AbbVie (ABBV – Free Report)

AbbVie stock is in the midst of a gigantic run that began to kick into high gear last fall. Despite its 30% climb in 2022, investors with longer-term outlooks shouldn’t really be worried that they ‘missed out’ on the pharmaceutical giant for a number of reasons. ABBV is more diversified than ever and far less exposed to the success of one of the world’s top-selling drugs, which is crucial since Humira biosimilars are already available outside of the U.S.

AbbVie acquired Allergan for $63 billion in 2020. The deal brought Botox and other popular drugs into a diversified portfolio that features immunology, oncology, neuroscience, a strong R&D pipeline, and beyond. The company’s revenue went on to soar 38% in FY20 and another 23% in fiscal 2021 to hit $56 billion. The jump came even though international Humira revenue dropped nearly 10%. ABBV’s adjusted earnings also jumped 20% last year.

Zacks estimates call for its adjusted FY22 earnings to jump another 11% on 7.4% higher sales that would see it pull in $60.4 billion. AbbVie lands a Zacks Rank #3 (Hold) right now and has seen its FY22 and FY23 consensus earnings estimates pop since its release. And ABBV has consistently topped our quarterly EPS estimates.

Zacks Investment Research
Image Source: Zacks Investment Research

ABBV stock is up 165% in the last five years, which includes a significant rough patch, to blow away the Large-Cap Pharma’s 75% and the S&P 500’s 100%. Wall Street really began to gravitate to ABBV stock as the tech and growth trade began to unwind in the fall of 2021, with the stock now up around 60% in the past six months vs. the benchmark’s 2% climb the Nasdaq’s 5% decline.
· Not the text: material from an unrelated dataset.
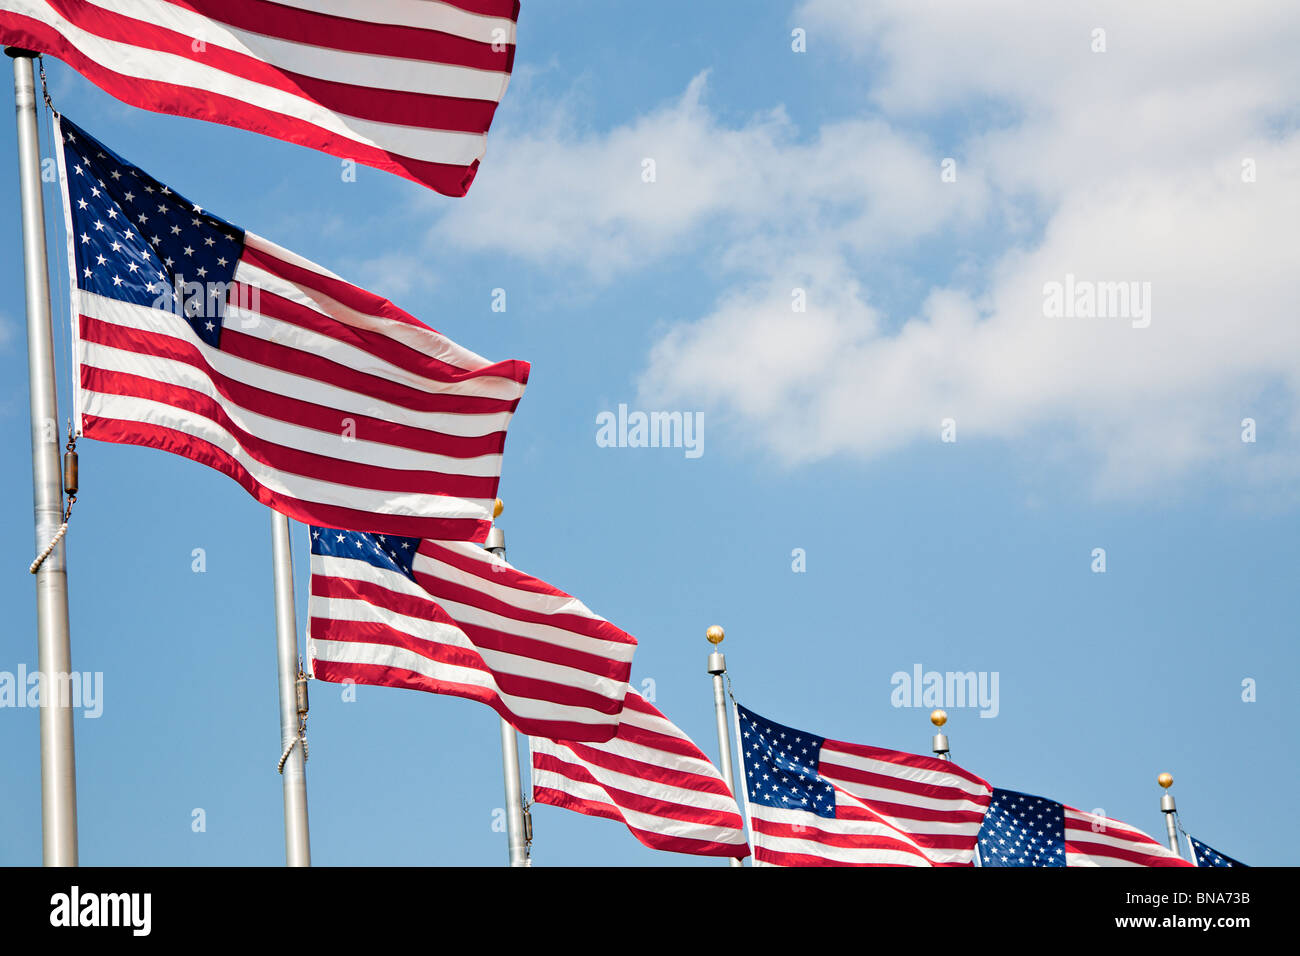 Washington DC - Sep 2009 - amerikanische Flaggen bilden einen Kreis um das Washington Monument in Washington DC Stockfoto

ABBV stock popped again on Thursday to hit fresh records at around $175 per share.

Even with it trading at new all-time highs, AbbVie still offers solid value, trading at a 30% discount to its five-year highs at 12.4X forward 12-month earnings. This also marks an 18% discount to the Large Cap Pharma’s 14.9X and 37% value compared to the S&P 500.

Despite its strong run and outperformance, AbbVie’s 3.25% dividend yield crushes its industry’s 2.42% average and the 10-year U.S. Treasury’s 2.65%. ABBV has also continually lifted its payout, with its dividend up 250% since its inception in 2013. Wall Street remains bullish on ABBV, with 10 of the 14 brokerage recommendations Zacks has at “Strong Buys” or “Buys.”